Aisha takes her friend’s son to school if her work schedule allows it. This has not been the case lately. Last week, the sophomore missed a few more days at school.
“We know that just two days a month of absence can affect a child’s ability to learn to read.” Dr. Kim Barker is an Associate Professor at the Augusta University School of Education. “When they’re eight in third grade, they need to switch to reading to learn … If they can’t read it, they keep falling behind.”
Dr Barker says Alesia’s son is at a critical age in school. What he learns or doesn’t learn now can have lifelong consequences.
“Statistically, we know that children who can’t read from grade to third grade are less likely than healthy adults to be unemployed and more likely to end up in prison in their lifetime.”
Returning to the shelter, Alesya has been here with her four children for 28 days.
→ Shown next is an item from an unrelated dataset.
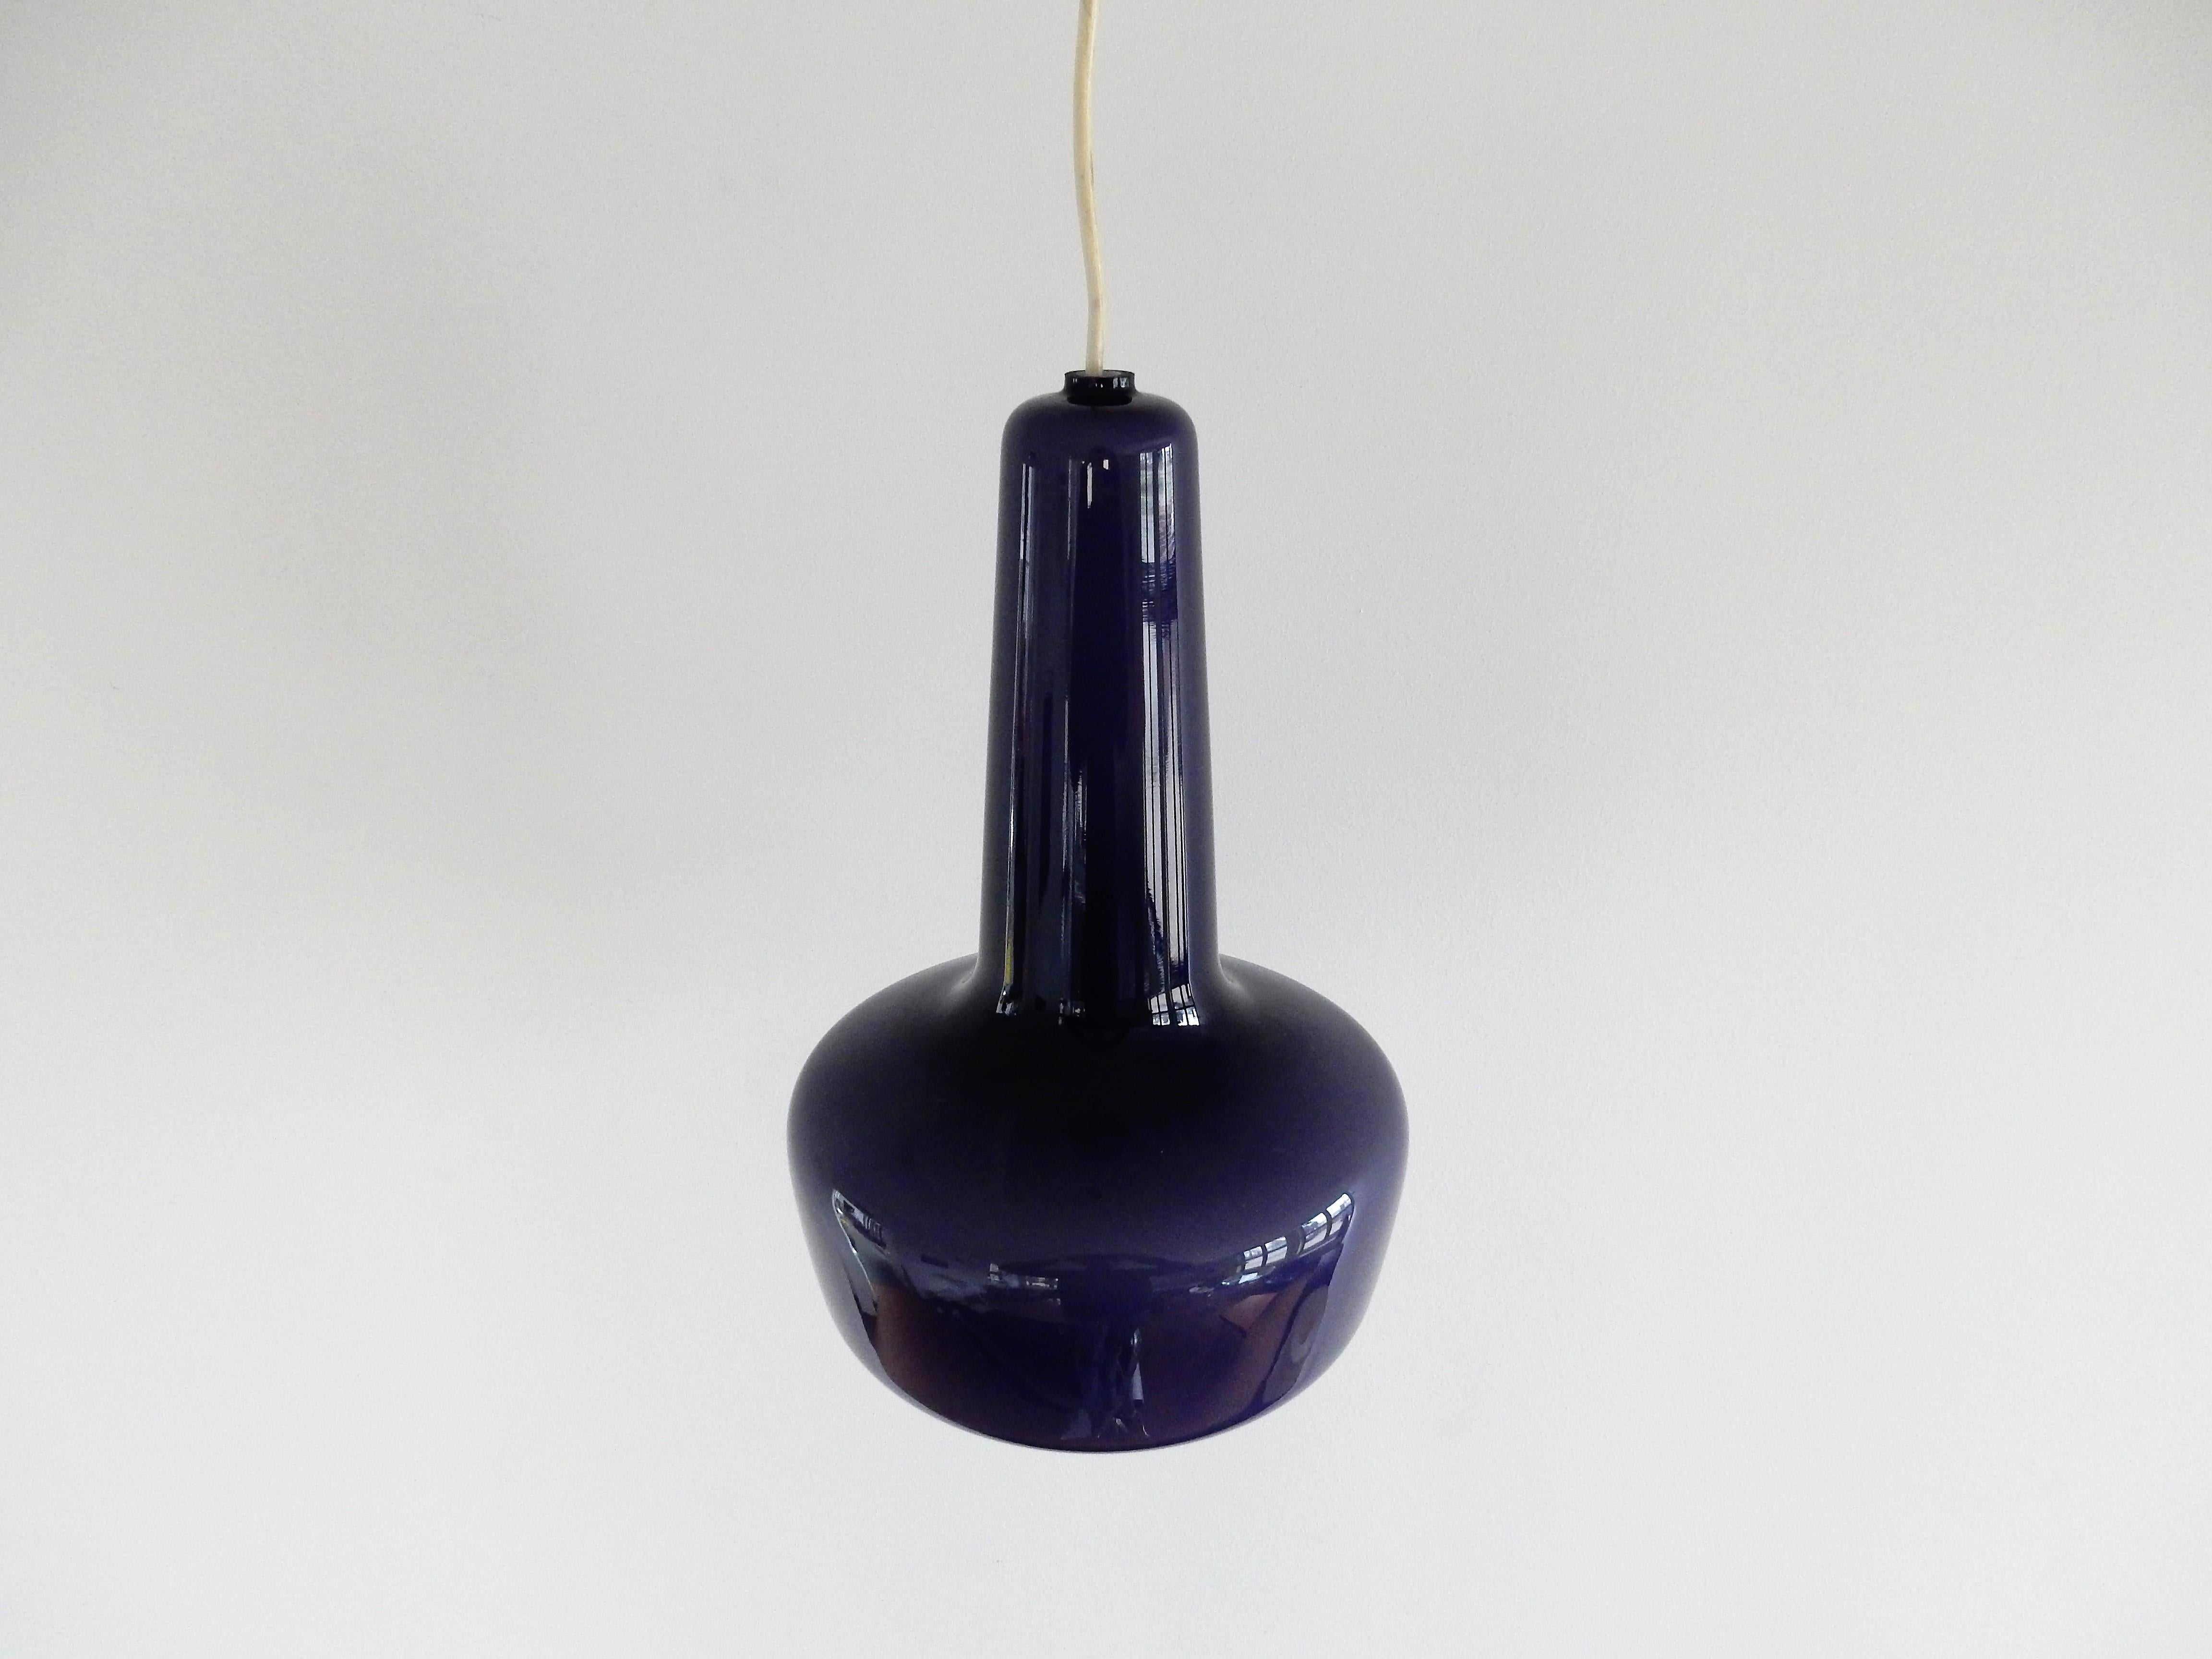 La Kreta est une lampe suspendue en verre, conçue par Jacob E. Bang en 1964 et produite par Fog & Mørup en collaboration avec Holmegaard Glassworks. La lampe a été commercialisée en cinq couleurs : gris clair, vert olive, jaune, opale et cette

She says she sees her older child carrying the burden. “He doesn’t ask any questions. He just asks if everything is okay. It also worries me. He says, “Are you okay?” I just say yes.
It is unpleasant for Aisha to see the giant cracks in the system itself when so much taxpayer money at the local, state and federal levels is spent on funding programs designed to help people like Alessia. “What can we expect until the news comes out and they say that this young mother has cut off that it is too much for her? …. We let her down, and we let her down. ”
Again, many calls and texts to sources, and 22 days after entering the shelter Alesya finally got a car seat, and her son went to school. It’s hard not to feel frustrated by capturing the challenges families face in trying to find housing after they recently lost it.
Alice has job offers, but she can’t work until she takes care of the children. Working from home is not an option because she does not have a home where she can work and she cannot return home until she is able to work.